• _INPUT DATA_
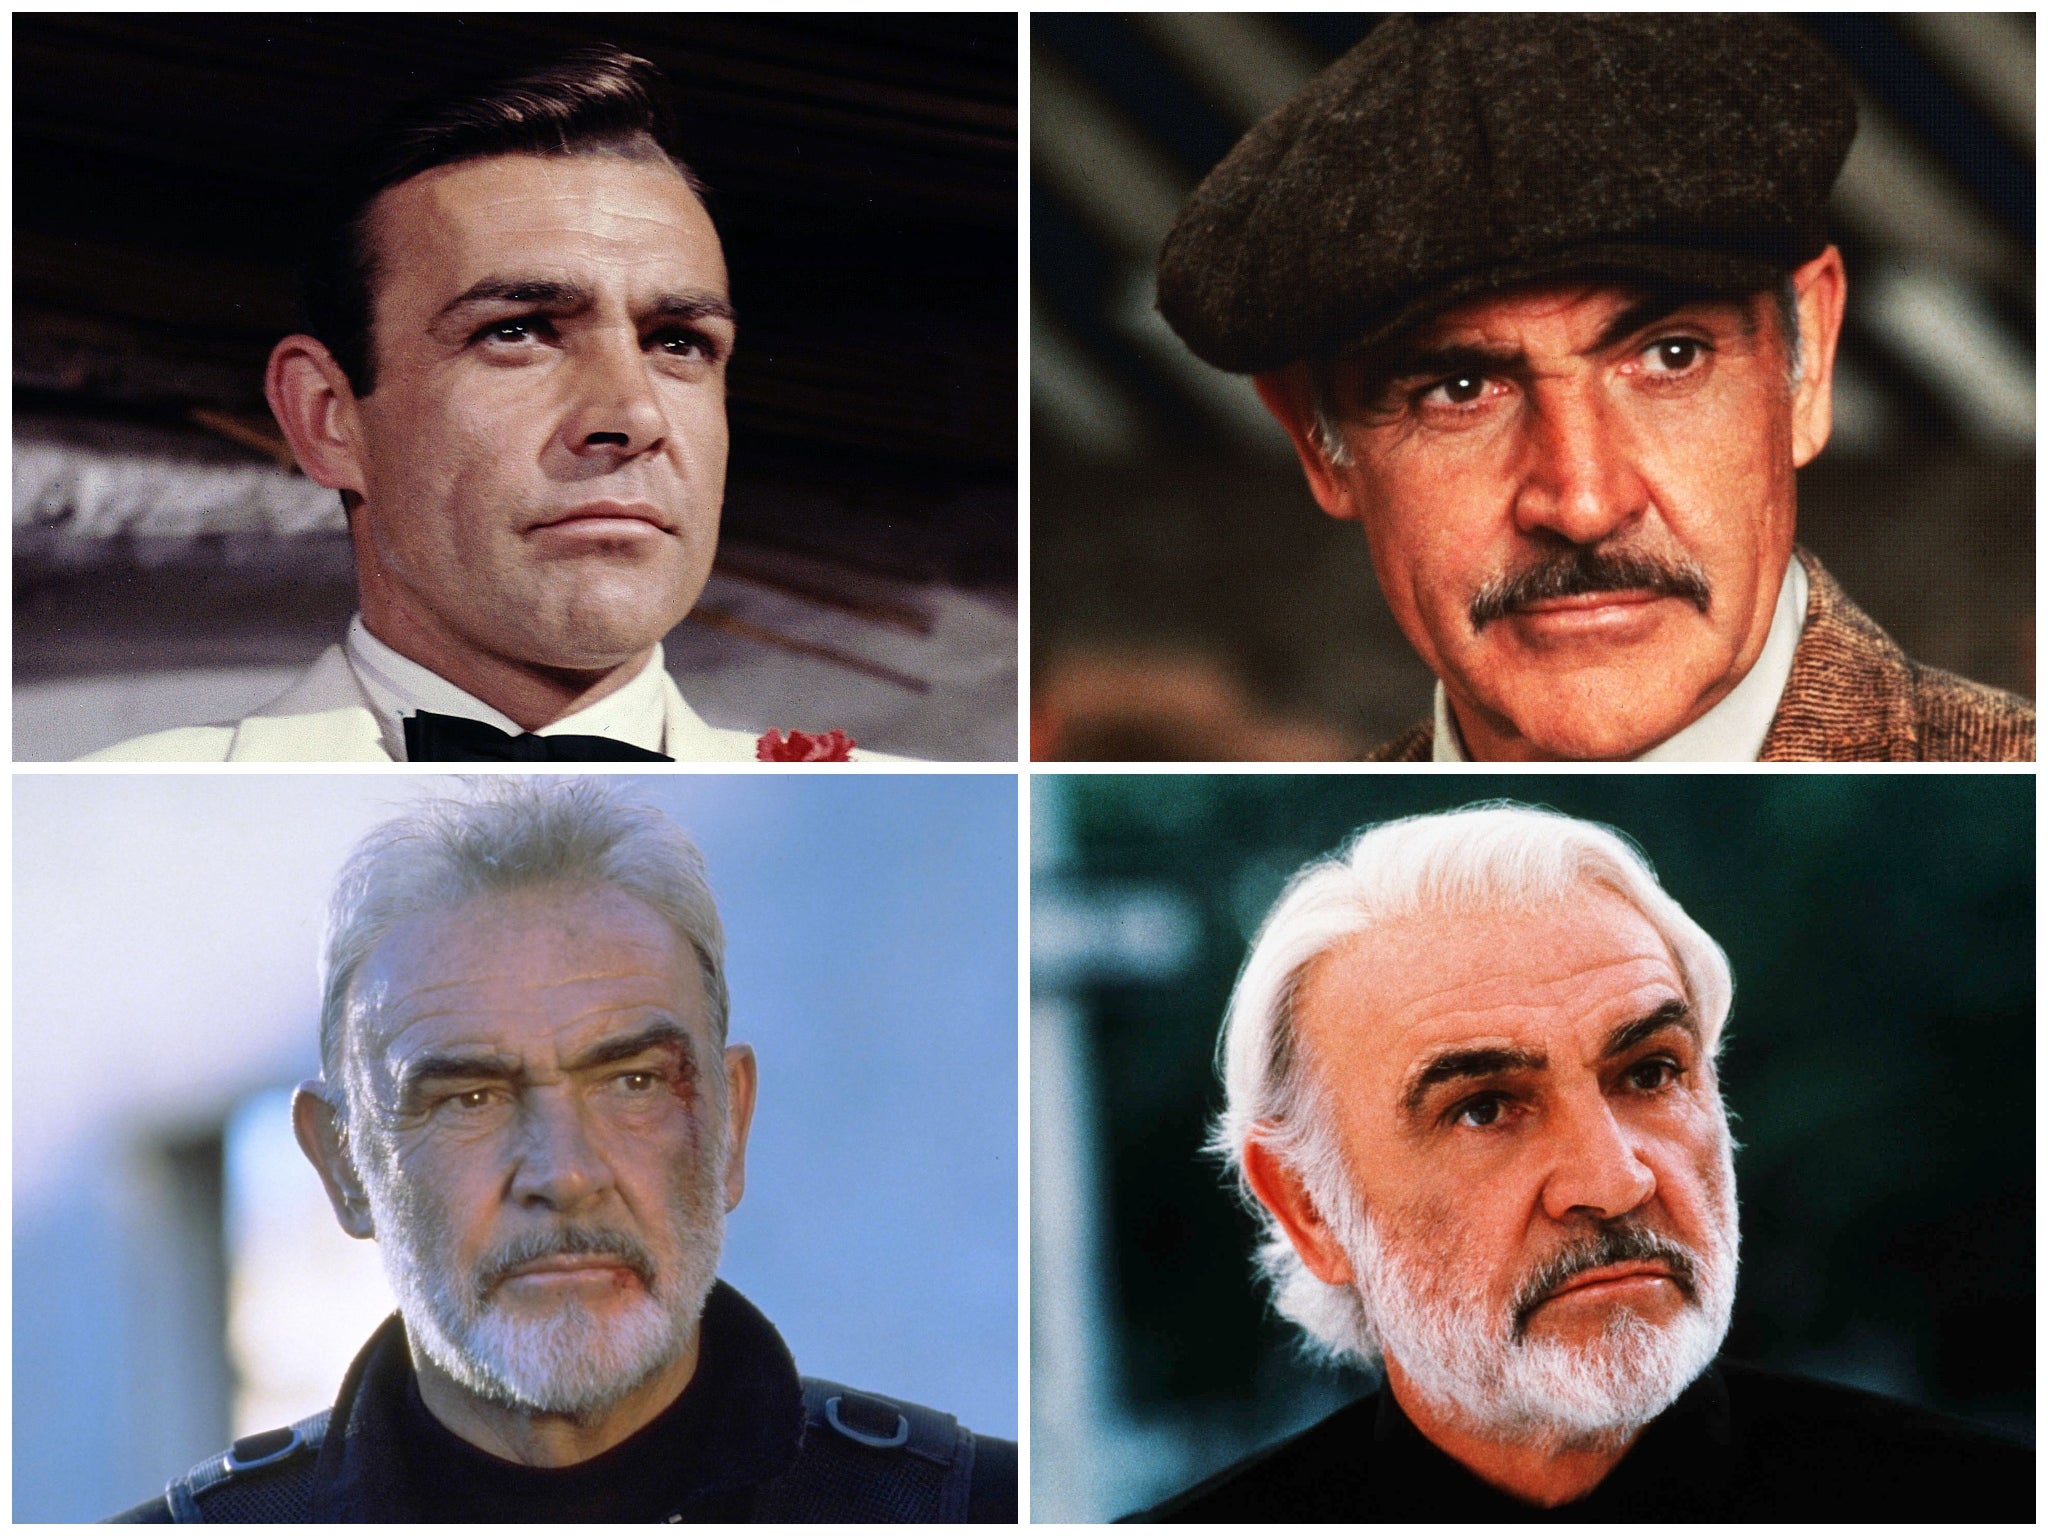 The Independent runs through Sean Connery’s greatest screen roles
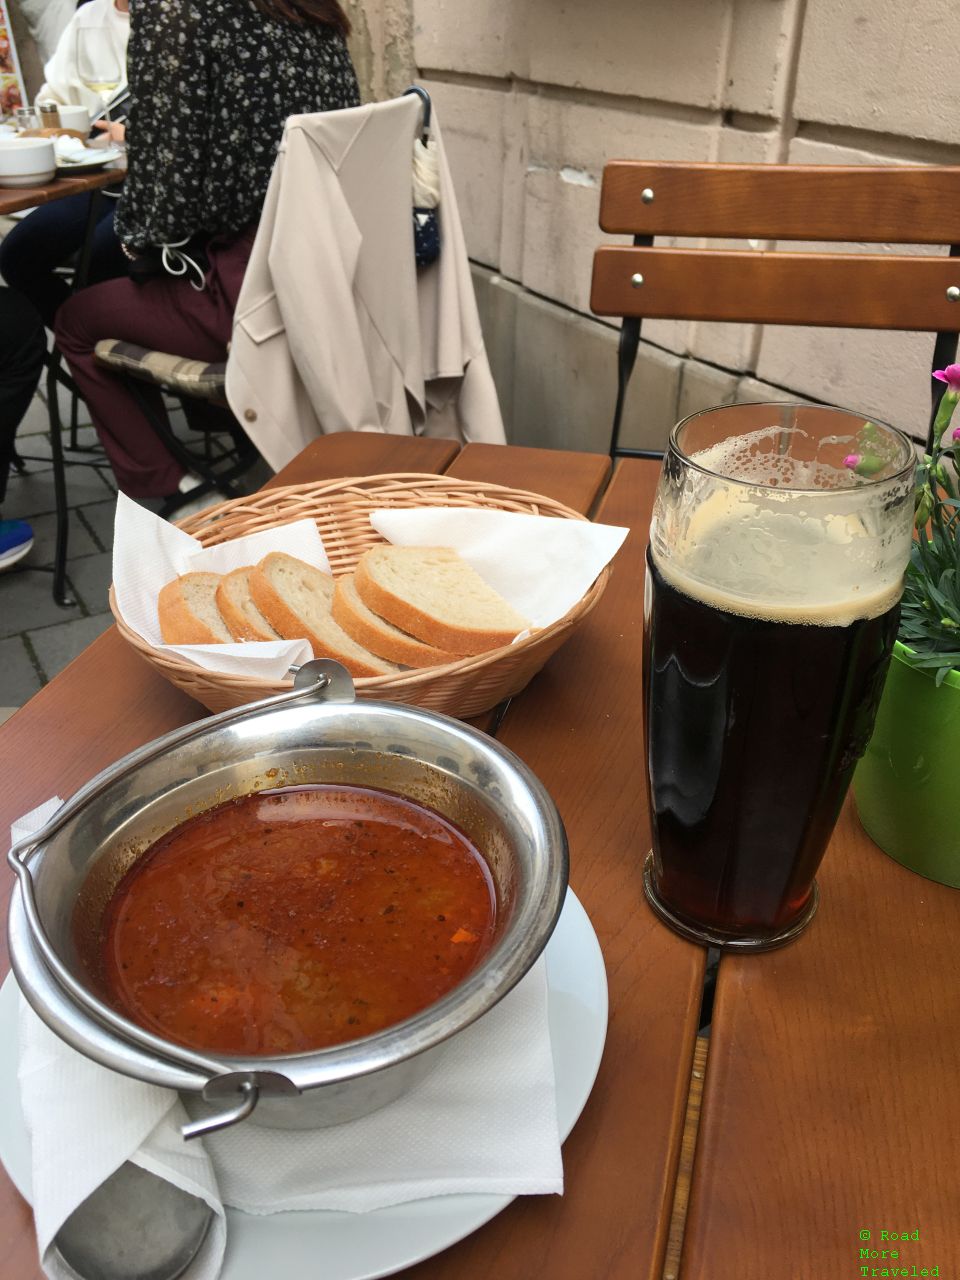 Walking Tour of Bratislava Castle and Old Town Bratislava - goulash and beer
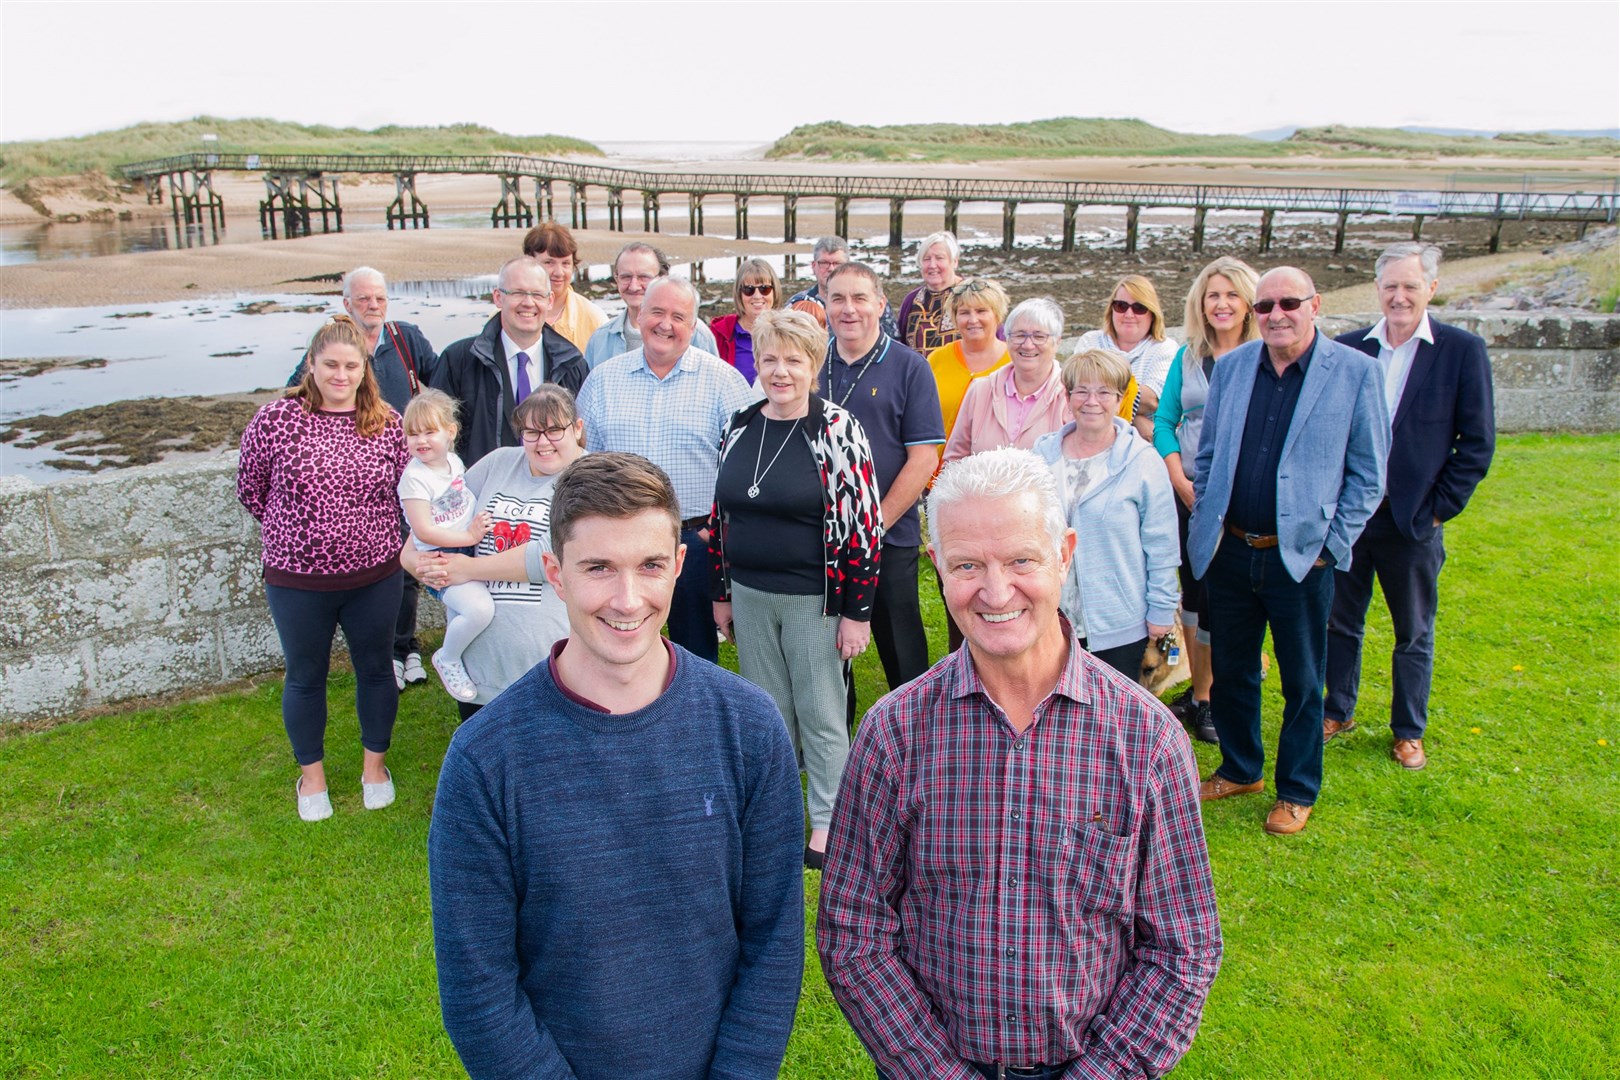 Members of the Lossiemouth community, including (front from left) Community Development Trust's chairman Alan Macdonald and development trust officer Huw Williams, welcome news that the Scottish Government will cover the full cost of repairs or a replacement for the Lossiemouth East Beach bridge. Picture: Daniel Forsyth. Image No.044677.

• _WORK TASK_
Transcribe the listing above verbatim. Omit the pictures.

• _FINISHED TASK_
 The Independent runs through Sean Connery’s greatest screen roles
 Walking Tour of Bratislava Castle and Old Town Bratislava - goulash and beer
 Members of the Lossiemouth community, including (front from left) Community Development Trust's chairman Alan Macdonald and development trust officer Huw Williams, welcome news that the Scottish Government will cover the full cost of repairs or a replacement for the Lossiemouth East Beach bridge. Picture: Daniel Forsyth. Image No.044677.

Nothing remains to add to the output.